Millions of cars and trucks travel thousands of kilometers of paved roads
every day in Egypt to transport people and goods. Pavement deterioration occurs
over time as a result of traffic volume, environmental factors, and other factors. Traffic safety, operating speed, manoeu vrability, driver comfort, and service volume are all impacted by pavement performance. Thus, regular pavement evaluation is a very important part of any pavement management system (PMS). The objective of this research is to evaluate the factors affecting pavement performance. International roughness index (IRI) was considered as an indication of pavement performance. The Long Term Pavement Performance (LTPP) database for the flexible pavement experiments was utilized as the database source. Association analysis was conducted between IRI and different variables.

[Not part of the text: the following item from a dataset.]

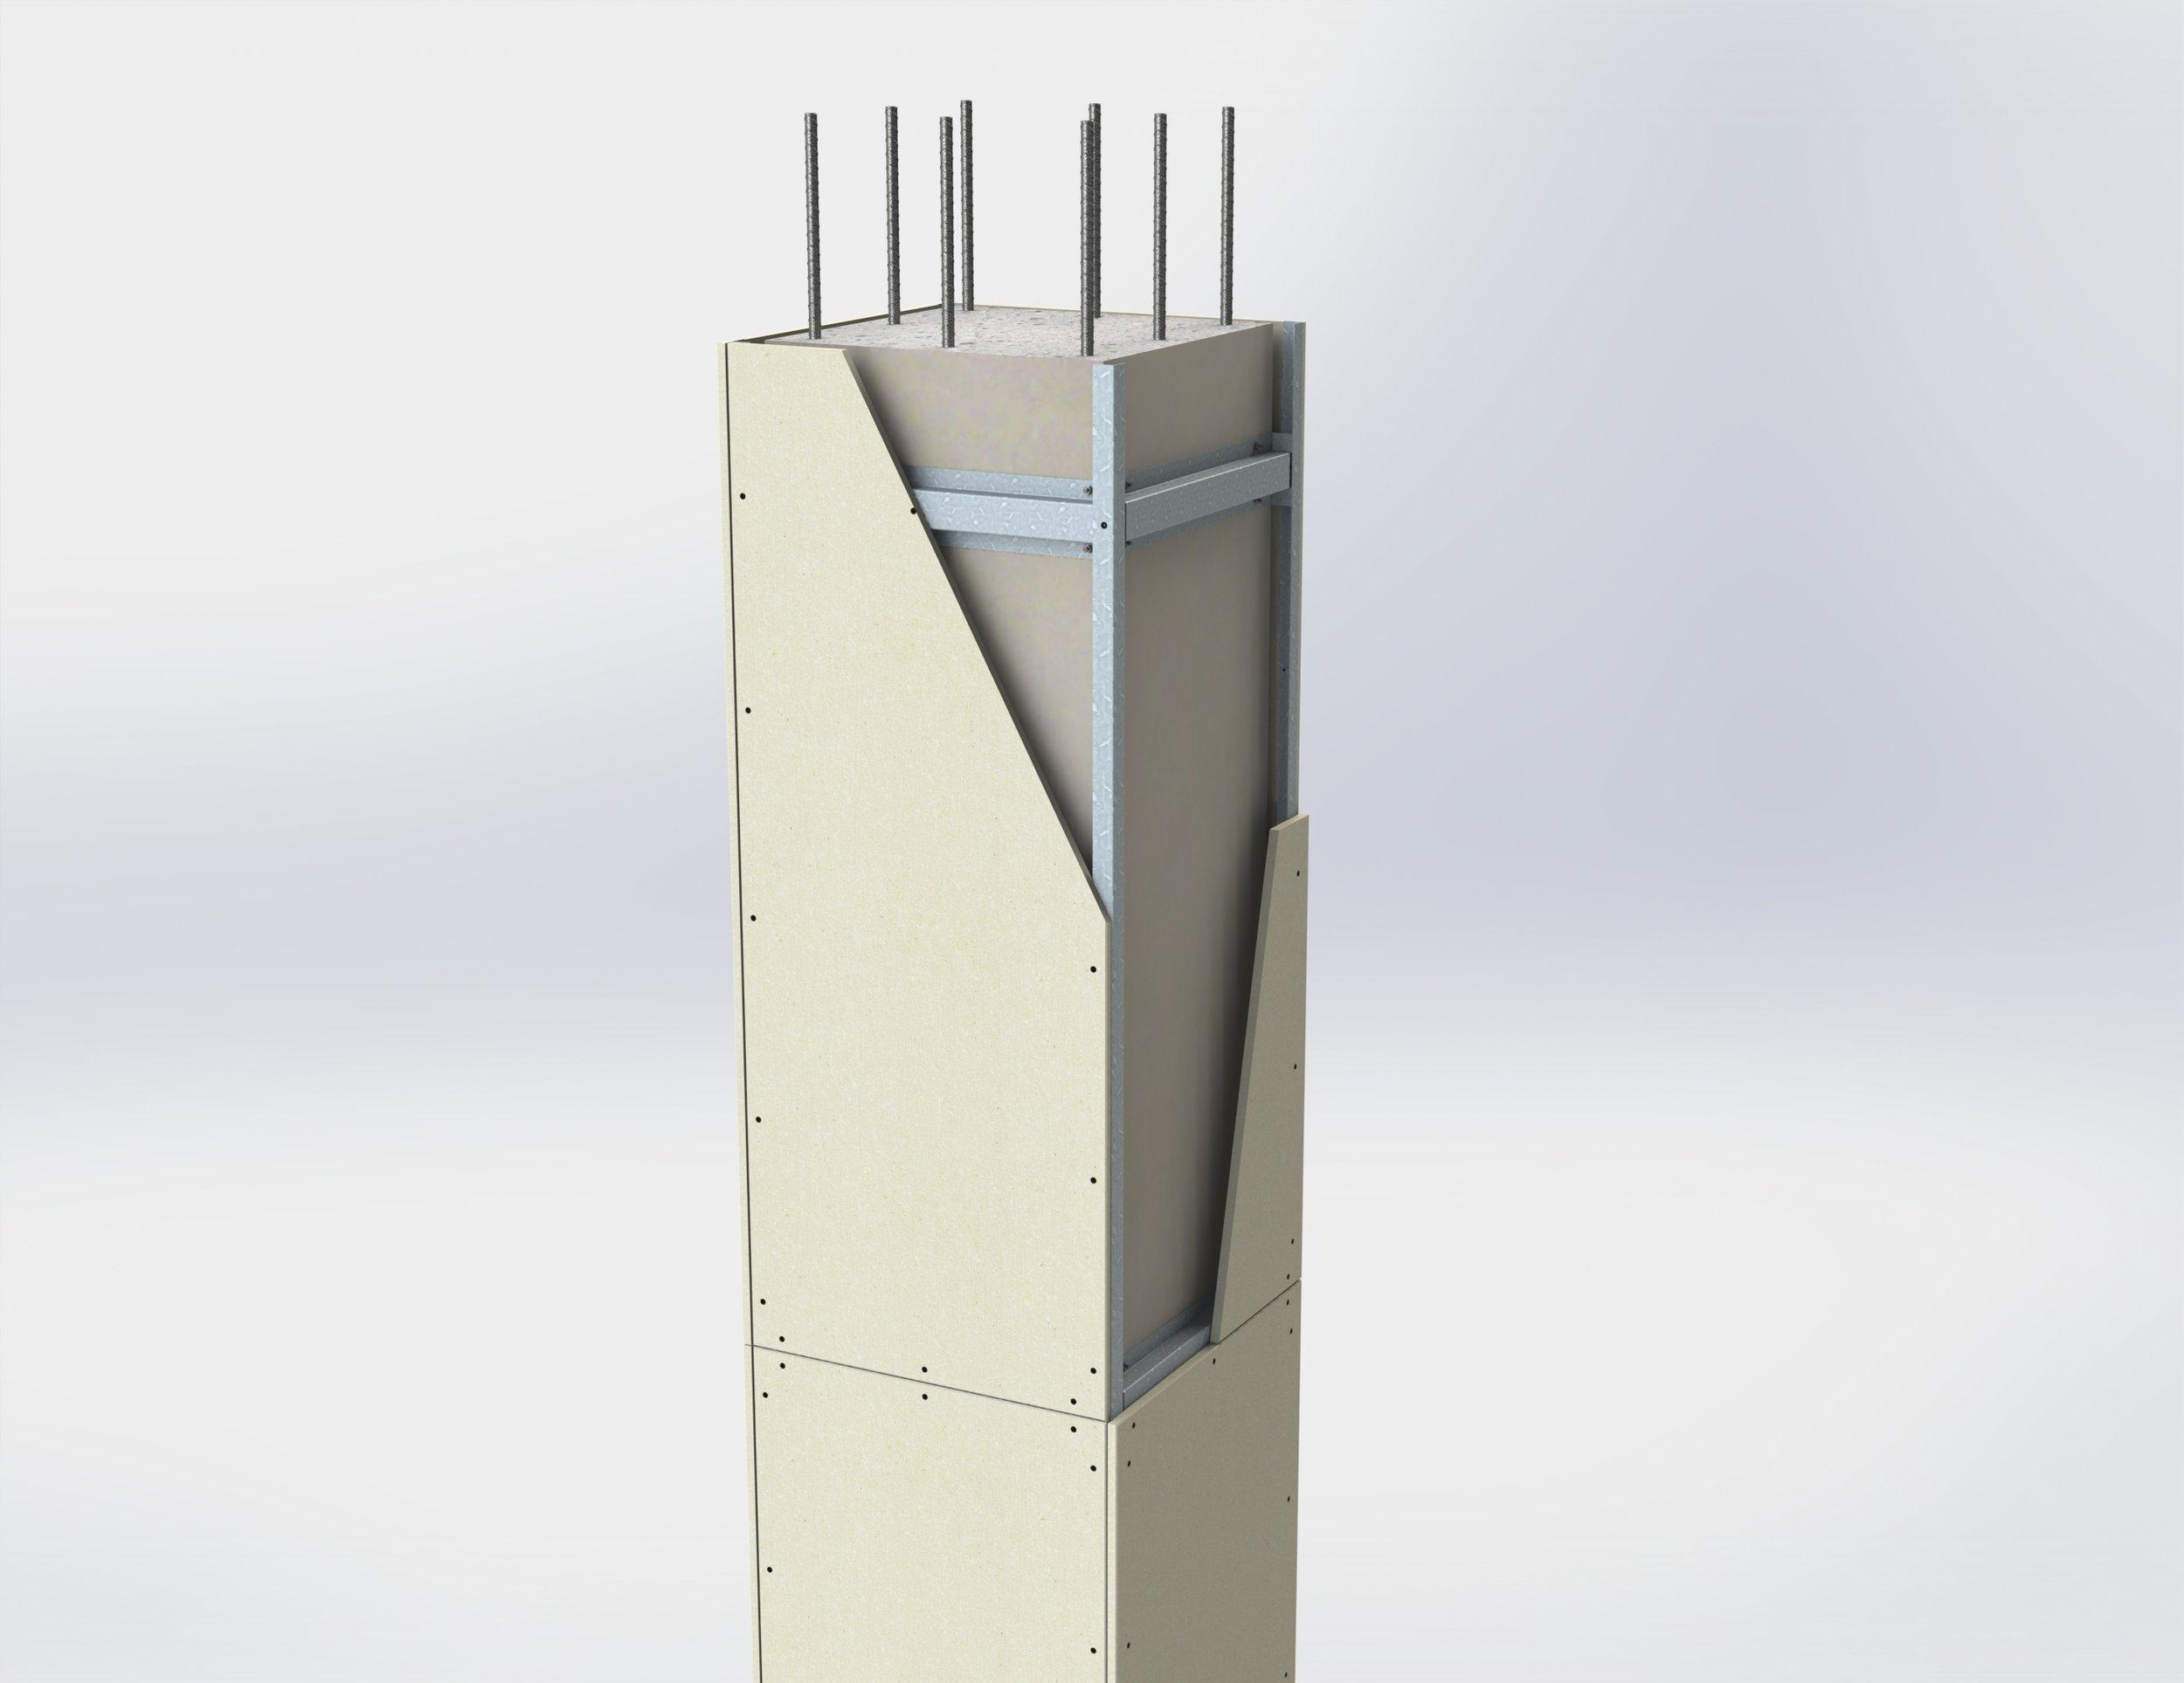 Concrete Structures Upgrade

These variables are: age, asphalt thickness, climate type, base type, base thickness, and subgrade type. Chi-square test was performed and the result was that all independent variables were significant. Also, odds ratio was determined for different factors and the results was that all variable were significant except subgrade type, some of climate types, and 16 inch base thickness. The latest pavement performance model which correlates IRI with different variables was studied and validated. The independent variables for this model were initial IRI, age, fatigue cracks, transverse cracks, and rutting. This model has R2 = 0.57. This research validated this model using extended LTPP data. The result of this validation was that R2 became 0.46. So, this model calibrated by the same independent variables and the result was that R2 became 0.50. The new models were developed by adding longitudinal cracks to independent variables using linear
regression and machine learning techniques. Multiple linear regression was used to develop a general model for all data and specific models for the different categories of asphalt thickness (4 in and 7 in), climate types (Wet non freeze (WNF), wet freeze (WF), dry non freeze (DNF), and dry freeze (DF)), and subgrade types (fine and coarse). The general model yielded
R2 of 0.60. The specific models were more accurate due to small size of sample that used to develop these models. Finally, Machine learning was used to develop a pavement performance
model. Linear Regression, SGD Regressor, KNN without tuning, KNN with tuning, Random Forest, Xgboost without tuning, and XGboost with tuning were used. The model developed using XGBoost with tuning is the most accurate.